Analysts expect re-rating of the logistics sector
It seems ace investor Radhakishan Damani is bullish on the logistics sector. He has picked up sizeable stakes in logistics companies Gati and Transport Corp of India.
Shares of Gati has been on the rise after a fund run by independent investor Damani, who is known for his picks in the stock market circle, bought 40.17 lakh shares, or 4.6 per cent of the total equity of the company, on Monday through block deals on the exchanges in the logistics provider.
Two days later, Transport Corp was on his radar. On Wednesday, Damani’s Derive Investments picked up a 3.5 per cent stake in the company.FDI in e-commerce
According to analysts, the sector will be re-rated once FDI in e-commerce is cleared by the Government. With Prime Minister Manmohan Singh acknowledging that supply-chain constraints and logistics management were the main reasons for inflation, one could expect a speedy action from the Government on this front, said an analyst with an Indian broking house.
Already, the Department of Industrial Policy and Promotion had started consultations with various stakeholders on allowing foreign direct investment in retail e-commerce, to open the sector for foreign investors before the end of this financial year.

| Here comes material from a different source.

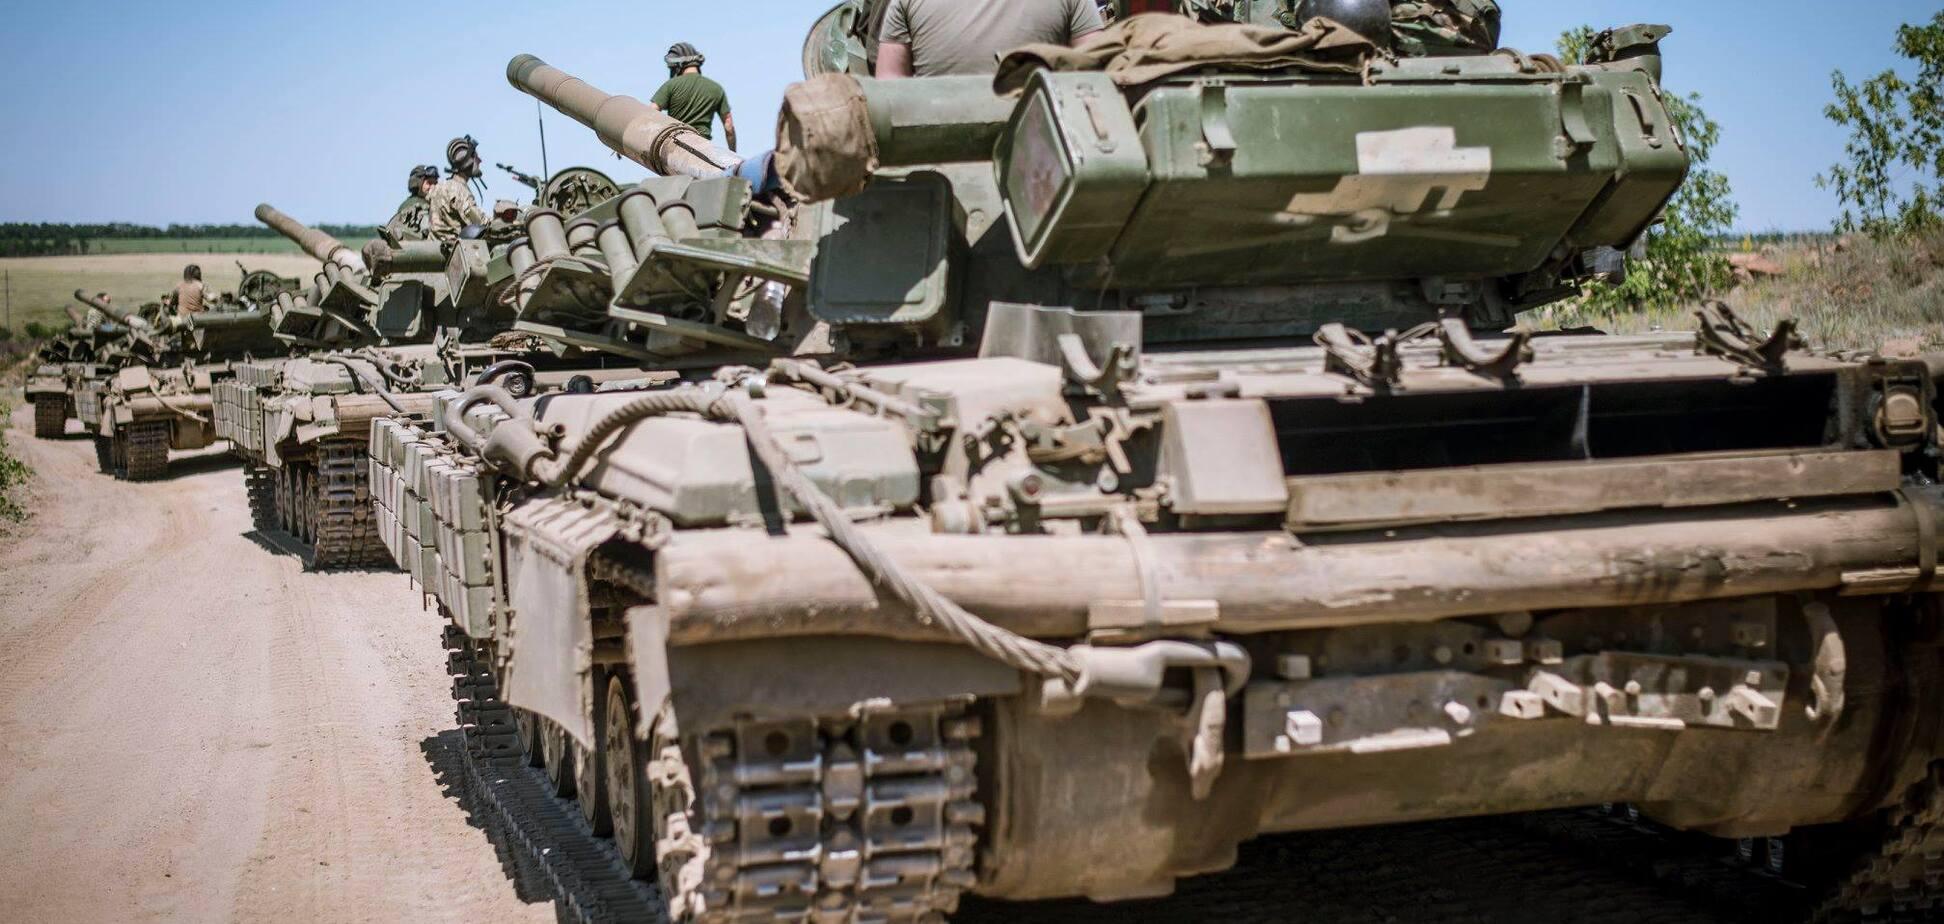 Спочатку Донбас, потім Крим: Гриценко розкрив деталі плану по поверненню територій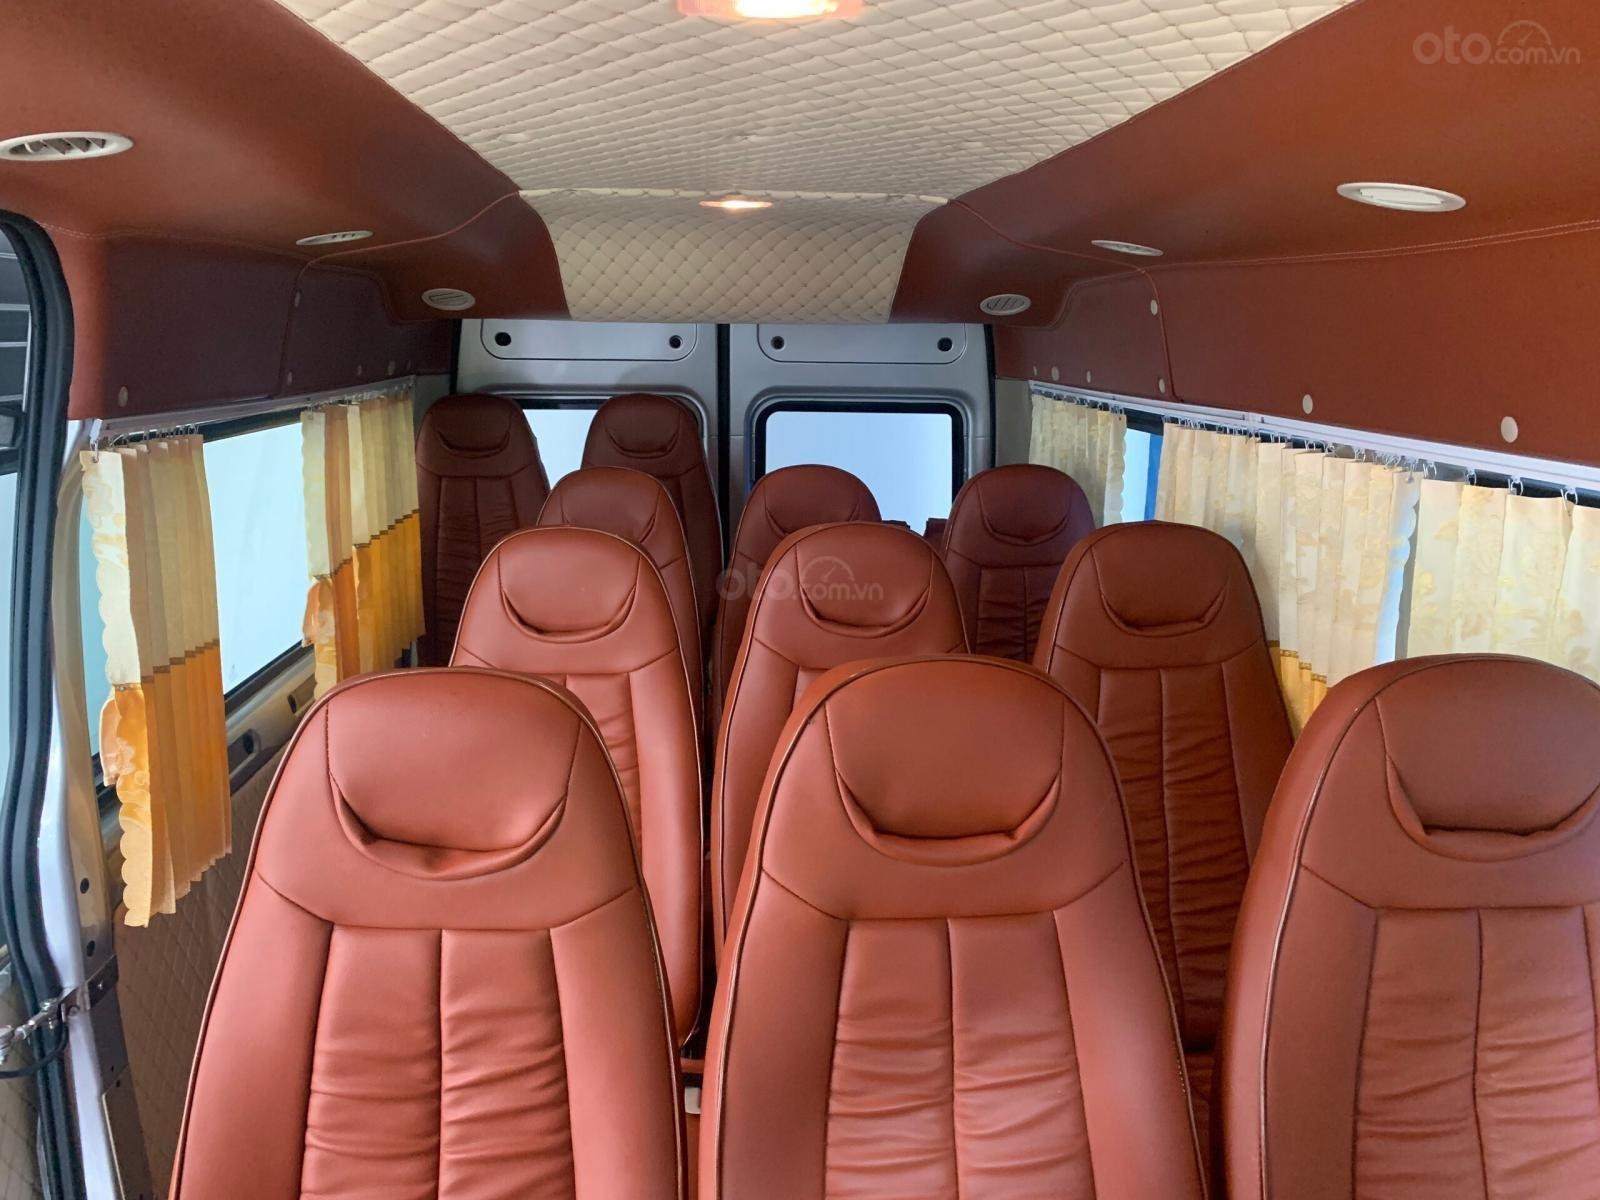 Bán Transit 2019 ưu đãi khủng, giá cạnh canh tổng ưu đãi đến 82tr (3)

At present, 100 per cent FDI is allowed in business-to-business (B2B) e-commerce, while it’s prohibited in the business-to-consumer (B2C) segment.Investor preference
Investors prefer companies with higher exposure to domestic demand and increasing vertical integration such as Gati and Transport Corp, said Harish Vasudevan, Strategist at SVC Securities.
Growth in the logistics sector is closely linked to India’s overall GDP and trade growth.
The logistics sector looks promising at this point in time on various fundamental factors. These companies’ valuation looks cheaper compared with global and domestic peers and is in a better position to capitalise on any rising demand,” he added. Also, the cold-storage segment, which is yet to contribute in a big way, may start yielding results soon.
Organised companies such as Gati and TCIL have been gaining market share, as unorganised players are finding it difficult to operate due to higher wage cost and other procedural bottlenecks.
Besides, these companies have performed reasonably well financially in the last few quarters, said Vasudevan.